Shifting Expectations: Women Less Inclined to Pursue Legal Careers

Leigh Jones has an article entitled Fewer Women Are Seeking Law Degrees in the National Law Journal this week. She cites statistics that since 2002 the percentage of women attending law school has declined every year from 49% in 2002 to 46.9% this year. Of course, the total number of applicants to law school has also declined in the past two years with female applicants for 2006 falling by 7.7% and male applicants by 6.7% (Jones has an interesting graph illustrating this phenomenon in her article). At least partly due to the drop in female applicants, the number of women admitted to law school also decreased in 2006 by 1.7% while the number of men admitted increased by 1.1%. The admissions issue aside, why are women deciding not to apply to law school?

Jones contacted me to ask if I had any ideas based on my work with Ms. JD. After spending a summer working for a law firm and interacting with many law firms that have been overwhelmingly supportive of Ms. JD, I feel certain that the private sector of the legal profession values women lawyers and genuinely desires to retain female attorneys. Still, last year only roughly 18% of firm partners were women. Despite recent efforts to implement policies to retain women, the slow progress is daunting (in 1996, about 14% of partners were women, so more than a decade has brought less than a 4% increase). If fewer talented women enter the profession, then equalizing the numbers will only become more difficult.

Law is a hard sell to women who know they want a lot of time to spend with their families (or who want flexibility and 8-hour days for other reasons).

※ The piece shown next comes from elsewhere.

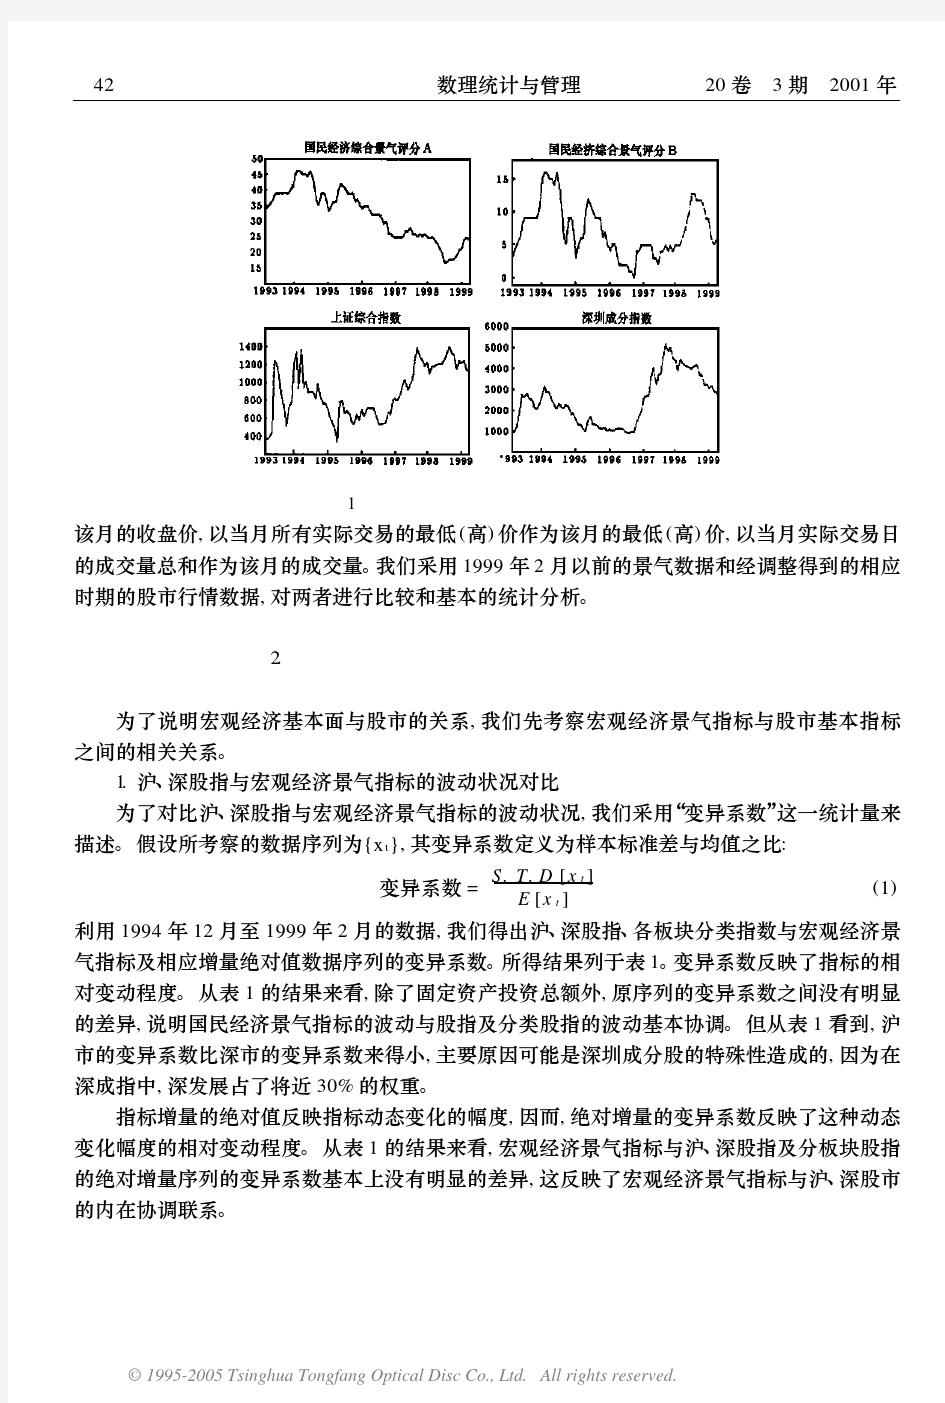 中国股市与宏观经济基本面的关系

In fact, the legal profession is often highlighted as particularly inhospitable to work-life balance in the spate of recent articles on professional women “opting out”. I remember sitting in my apartment during 1L year trying to read Civ Pro with the TV on in the background. A national news program exploring the “opt-out revolution” was interviewing a woman with impossible law credentials culminating in a Supreme Court clerkship who put her career on hiatus to raise her children. The sum total of what I took away from that interview was not her rationale, which I no longer remember, but rather that she had achieved the pinnacle of law school achievement, and it had not been enough to keep her working as a lawyer. Perhaps nothing could have kept her working if she truly desired to be a full-time mom (and it is of course her personal choice to make). Regardless, I was left with a sinking heart after the show (only part of which I could attribute to the Erie doctrine). I couldn’t shake the conclusion that someone ambitious enough to pursue all the trappings of a perfect legal resume would not “choose” to take several years away from her career if a less either-or option were available. Every working mother juggles her job and her family, but some professions require less circus acrobatics. The negative portrayal of the demands of a legal career may be enough to turn many women away from a JD and toward another graduate degree.

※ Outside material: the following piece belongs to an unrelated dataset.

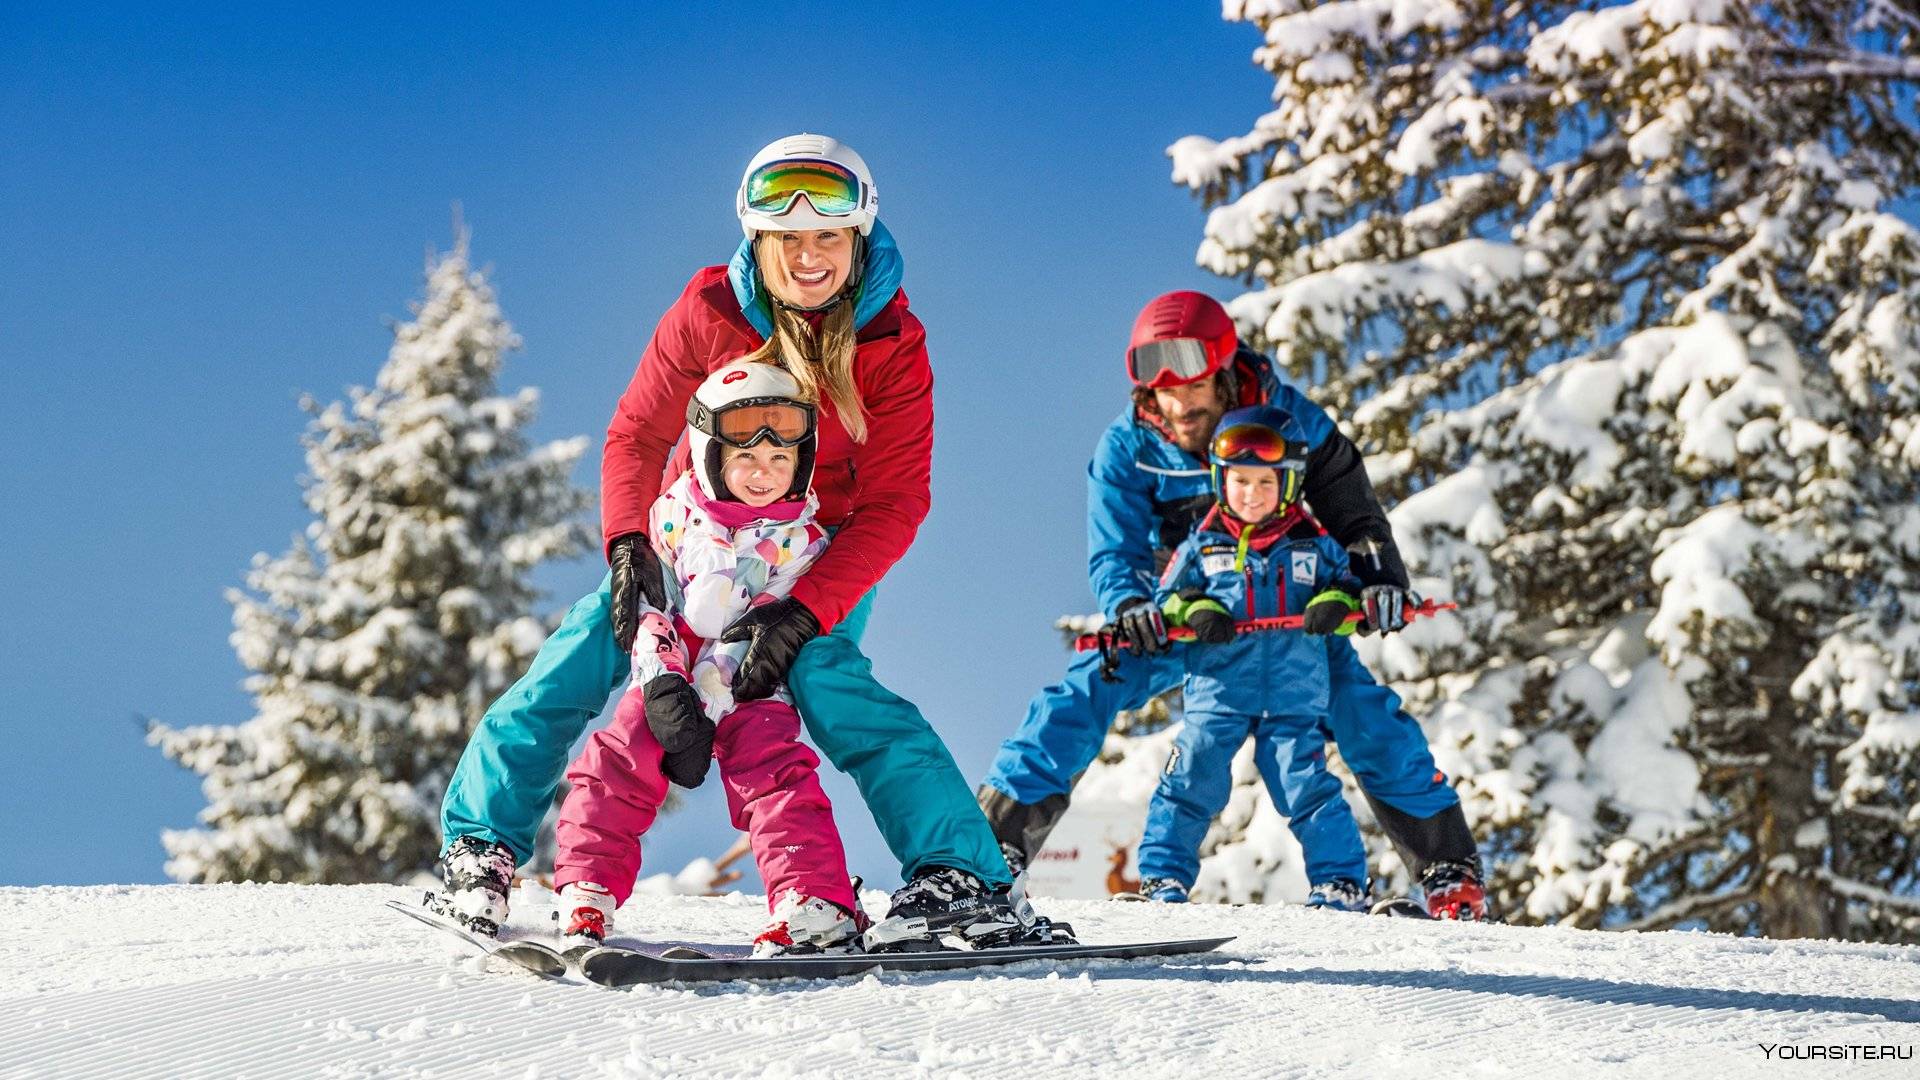 Катание на горнолыжном курорте. Спортивная семья зимой. Катание на горных лыжах. Дети на горнолыжном курорте. Семья с детьми на лыжах.

What can law do to attract more women? The flexibility that many women (and men for that matter) desire to simultaneously raise children and maintain a fulfilling career is often impracticable in a profession based on availability. As lawyers, the product we sell is our time. The client needs her lawyer when she needs her. Period. It might be at 3 pm on Wednesday afternoon when your flex-time schedule was supposed to have you home to pick up Suzy Q. by noon. It might be Friday night at 5 pm with a request that will keep you in the office until Monday morning. Perhaps if you are a certain type of lawyer, the demands on your time will be less capricious and your schedule more predictable, but all in all, lawyers are hired to represent clients, and clients dictate the terms. Many women will still choose to apply to law school because law is intellectually stimulating and offers membership in a profession that has and will continue to change and shape our society. Still, law pays a high price if it loses those who demand a profession that leaves more room for a personal life, especially if most of those people are women.